AWS Glue
Developer Guide

Crawler API

Data Types

Crawler Structure

Specifies a crawler program that examines a data source and uses classifiers to try to determine its schema. If successful, the crawler records metadata concerning the data source in the AWS Glue Data Catalog.

Fields

  • Name – UTF-8 string, not less than 1 or more than 255 bytes long, matching the Single-line string pattern.

    The crawler name.

  • Role – UTF-8 string.

    The IAM role (or ARN of an IAM role) used to access customer resources, such as data in Amazon S3.

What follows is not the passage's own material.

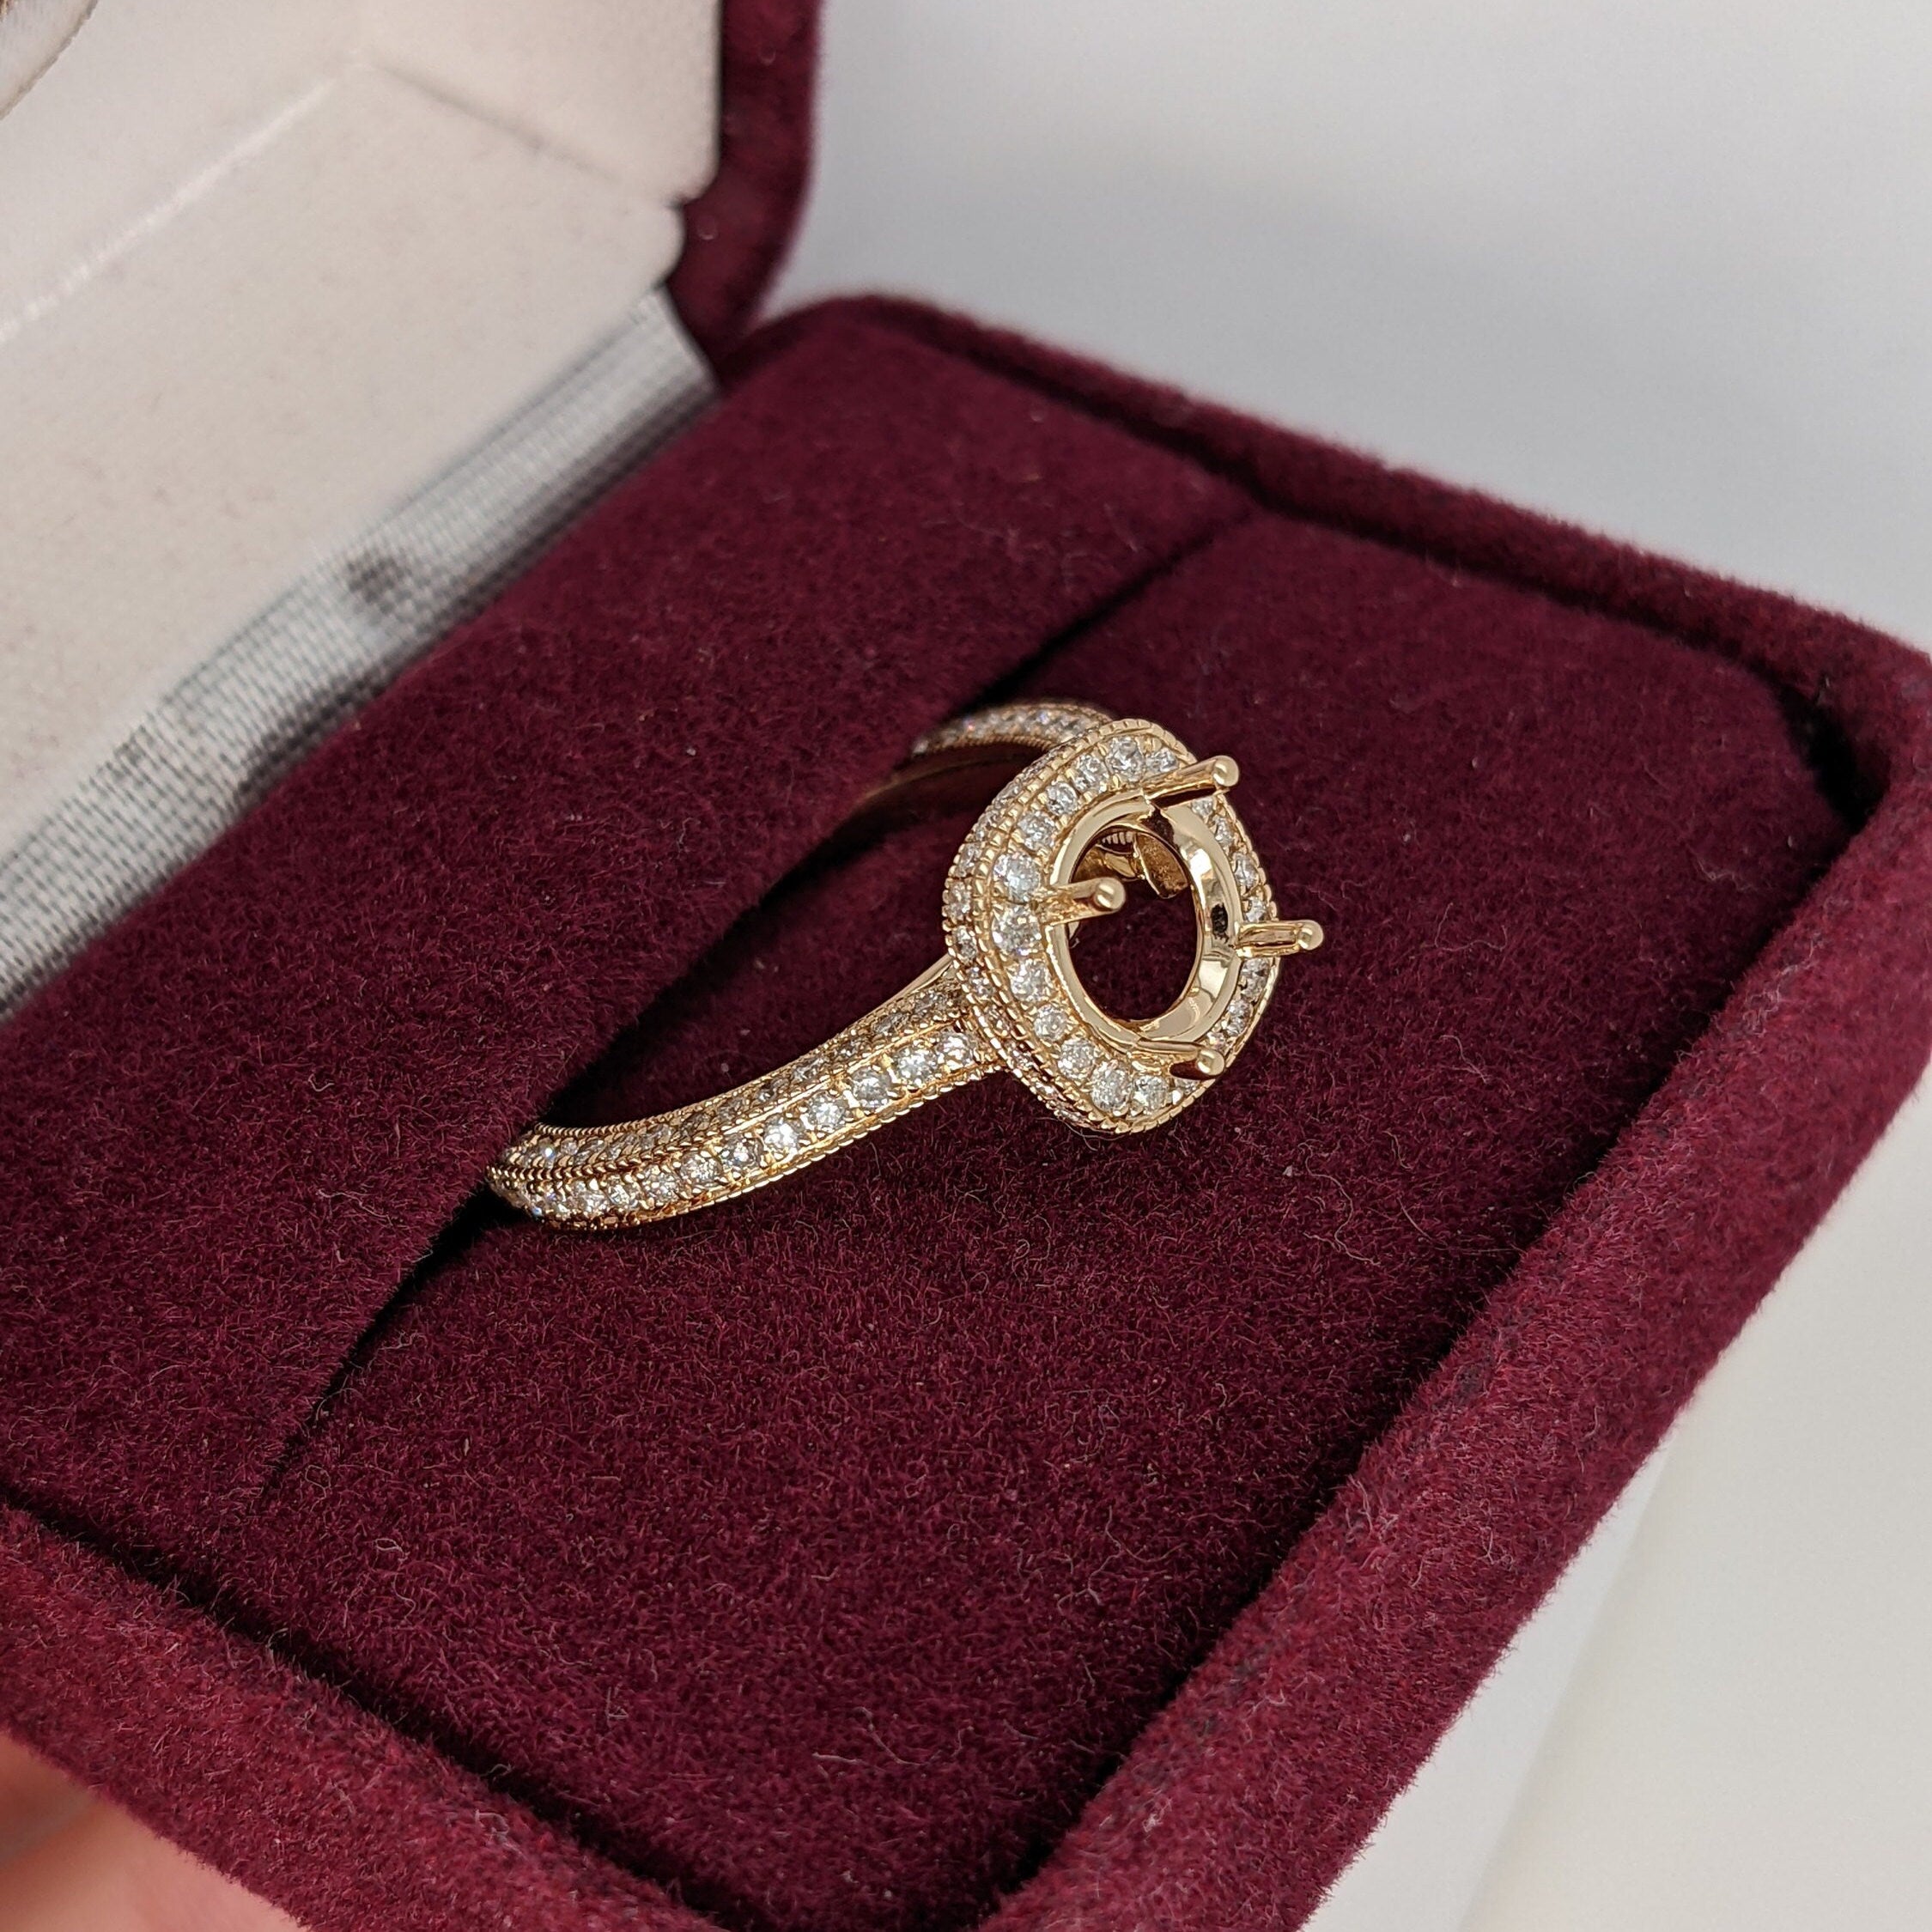 Stunning Vintage Inspired Ring Semi Mount with Diamond Halo and Pave Diamond Shank | Round 6.7mm | Brilliant Cut | Custom Sizes!

  • Targets – A CrawlerTargets object.

    A collection of targets to crawl.

  • DatabaseName – UTF-8 string.

    The database where metadata is written by this crawler.

  • Description – Description string, not more than 2048 bytes long, matching the URI address multi-line string pattern.

    A description of the crawler.

  • Classifiers – An array of UTF-8 strings.

    A list of custom classifiers associated with the crawler.

  • SchemaChangePolicy – A SchemaChangePolicy object.

    Sets the behavior when the crawler finds a changed or deleted object.

  • State – UTF-8 string (valid values: READY | RUNNING | STOPPING).

    Indicates whether the crawler is running, or whether a run is pending.

  • TablePrefix – UTF-8 string, not more than 128 bytes long.

    The prefix added to the names of tables that are created.

  • Schedule – A Schedule object.

    For scheduled crawlers, the schedule when the crawler runs.

  • CrawlElapsedTime – Number (long).

    If the crawler is running, contains the total time elapsed since the last crawl began.

  • CreationTime – Timestamp.

    The time when the crawler was created.

  • LastUpdated – Timestamp.

    The time the crawler was last updated.

  • LastCrawl – A LastCrawlInfo object.

    The status of the last crawl, and potentially error information if an error occurred.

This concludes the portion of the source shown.